Tech News

The weak point of the AI, it cannot mix animals in the same scene

April 3, 2023

If you have tried to put a snake and a rabbit in the same image using an AI like Midjourney, DALL-E and others, you will have seen the results be disastrous.

Rabbits with scales, snakes with hair… and if on top of that you ask for something like “a snake eating a rabbit”, to go from National Geographic through life, things get really bad. Here are some examples of the result:

This is one of the specific problems that occurs in the Midjourney system, the creation of images involving animals of different species, although I have tried it with DALL-E and the result is not very different. Something similar happens with v5 of Midjourney, and with Adobe Firefly there is not much difference either, although it improves.

Snake and Rabbit with Adobe Firefly

why is this happening

This problem is largely due to the way the Midjourney system works.

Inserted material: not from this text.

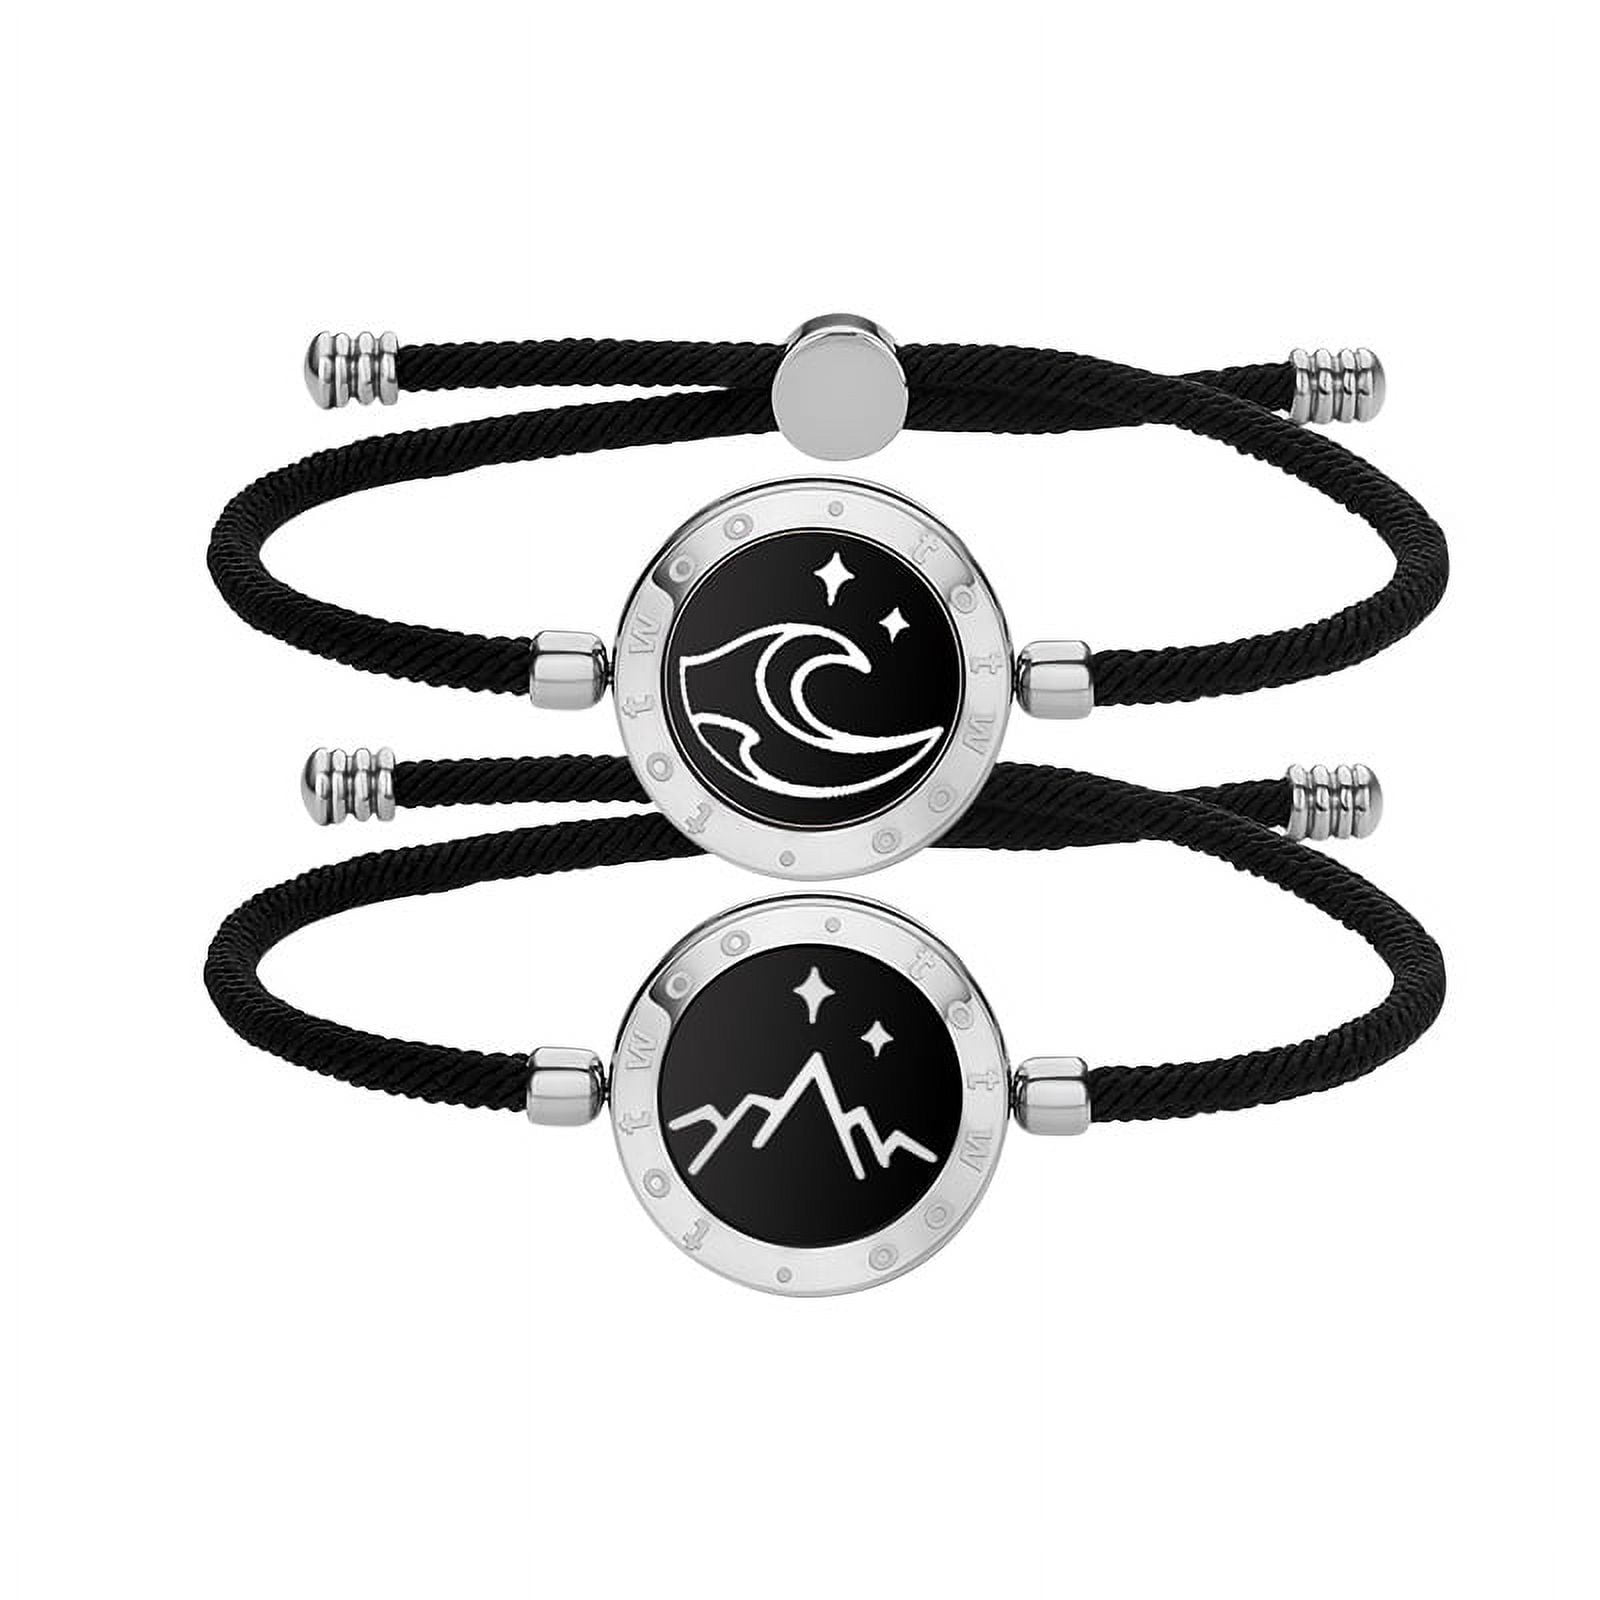 Totwoo Long Distance Touch Bracelets for Couples Relationship

In essence, the AI system learns to generate images from patterns it finds in existing image data sets. The system breaks the image down into a number of features, such as shapes, textures, and colors, and then uses these to create a new image that matches the textual description provided. However, when asked to generate images involving multiple concepts, such as animals of different species, the system may have difficulty effectively combining the features of both objects.

Another contributing factor to this problem is the lack of diversity in the training data sets used by the system. Image data sets may be biased toward certain features or patterns, limiting the system’s ability to generate images involving unusual combinations of objects or concepts.

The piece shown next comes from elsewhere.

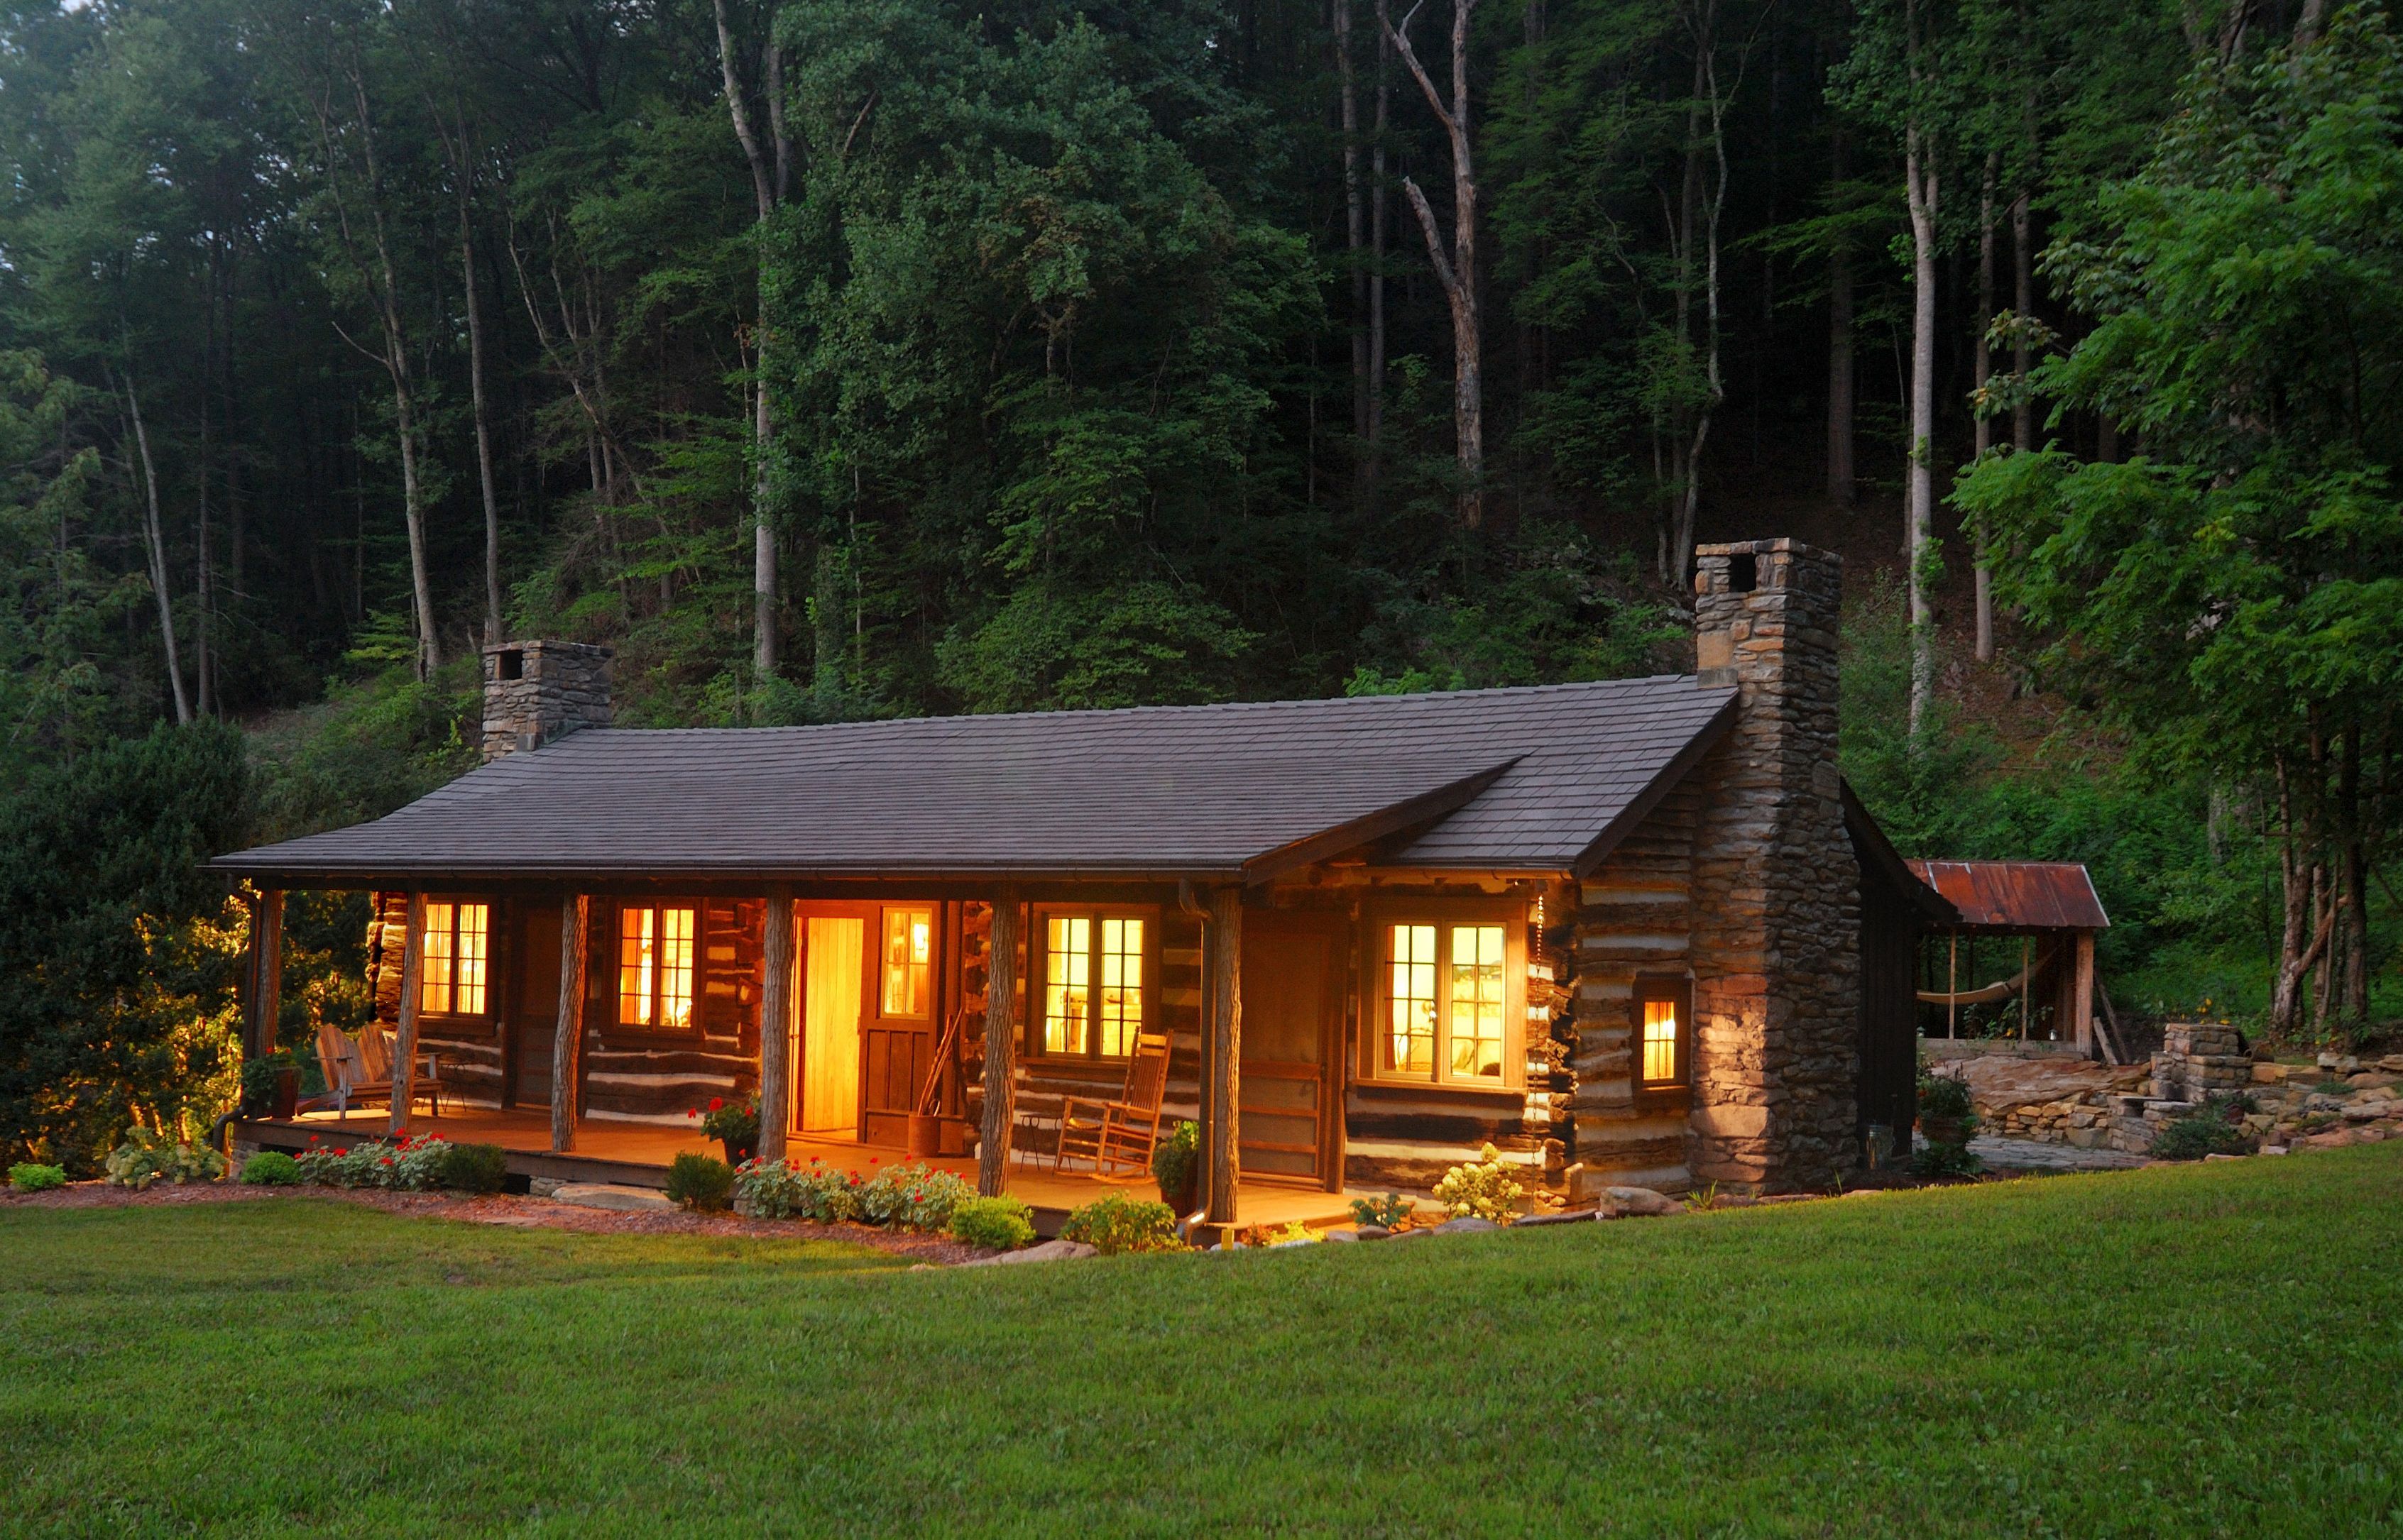 30 Magical Wood Cabins to Inspire Your Next Off-The-Grid Vacay ...

What can be done to solve the problem

Although the problem of generating images involving animals of different species is challenging, there are strategies that AI system developers can use to improve the quality of the generated images. One strategy is to train the system with more diverse data sets that include a wide variety of images involving multiple objects or concepts. Another approach is the use of image generation techniques based on adversarial learning, which allow the system to progressively improve the quality of the images generated as it receives feedback on its performance.